If the diet is lacking in Vitamin A the production of lysozyme in the tears decreases and can result in a predisposition to eye infection. Blinking is a defence reflex that both eliminates irritants and ensures even distribution of the tears. In some conditions such as facial paralysis or stroke this reflex is lost and it becomes necessary to prevent the eye from drying up by keeping it closed or covered and by regular irrigation. The ear Ceruminous glands located in the outer ear canal are modified sweat glands that produce cerumen or ear wax. This provides a sticky barrier to foreign agents entering the ear canal.

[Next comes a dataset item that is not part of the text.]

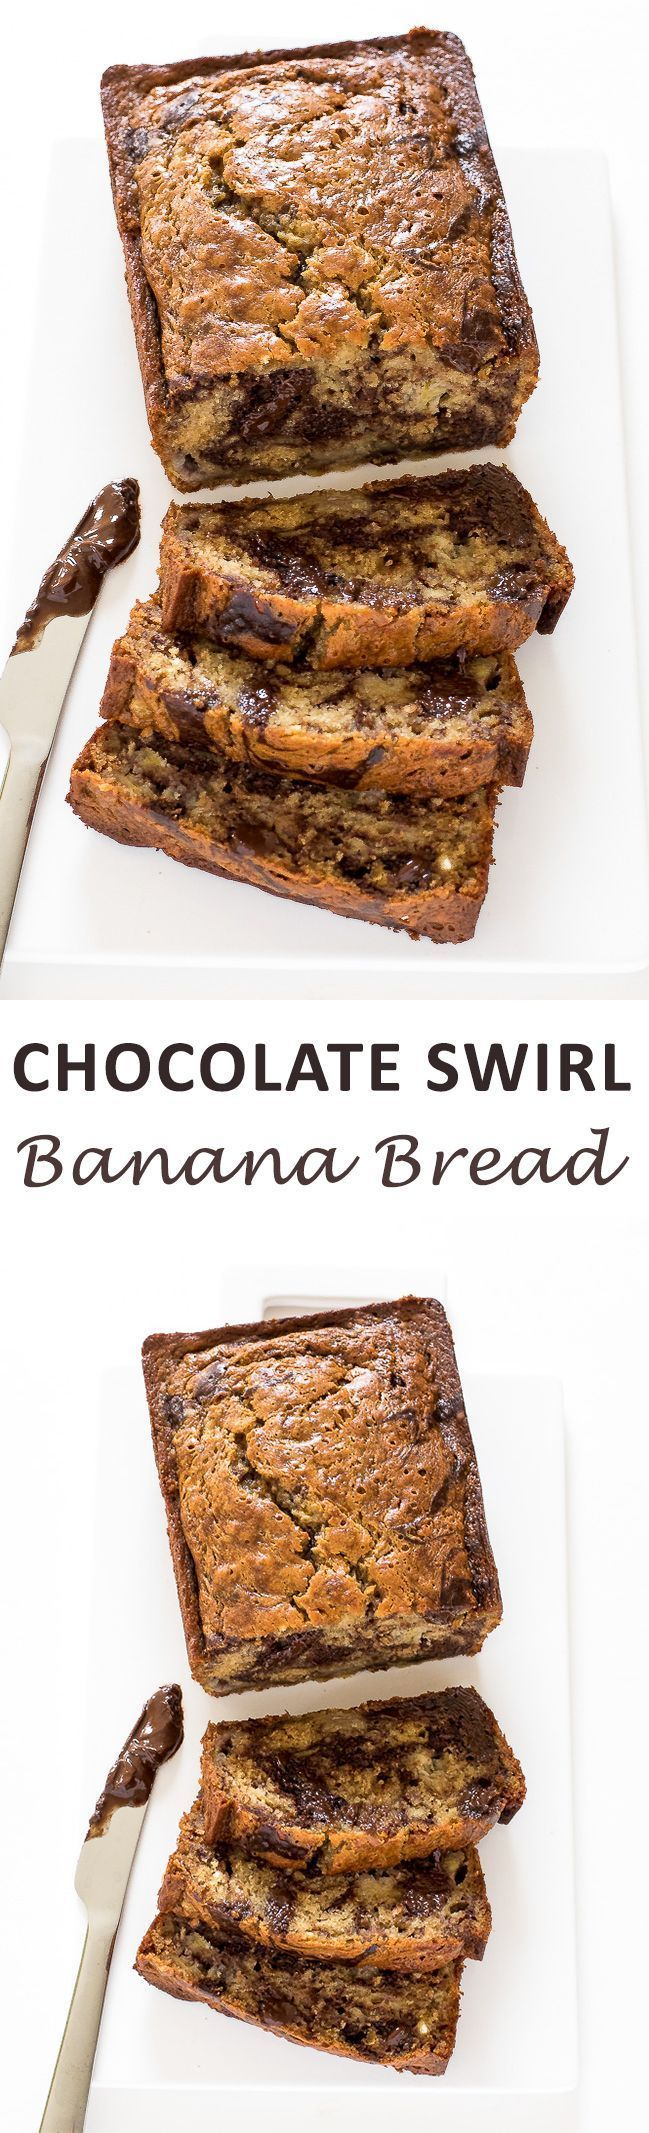 Marbled Chocolate Banana Bread. Super moist banana bread swirled with chocolate, yum!

Inflammation This is seen as a local non-specific defensive response to tissue damage. Its function is to eliminate the cause of the damage, remove the consequent dead cells and restore the constancy of the internal environment and as such is closely associated with wound healing which again will be covered in further detail later in the course. Inflammation occurs immediately after a physical, chemical or microbiological injury. As such it may be due to a splinter, acid burn, heat burn or local bacterial infection of a hair follicle or pore of the skin.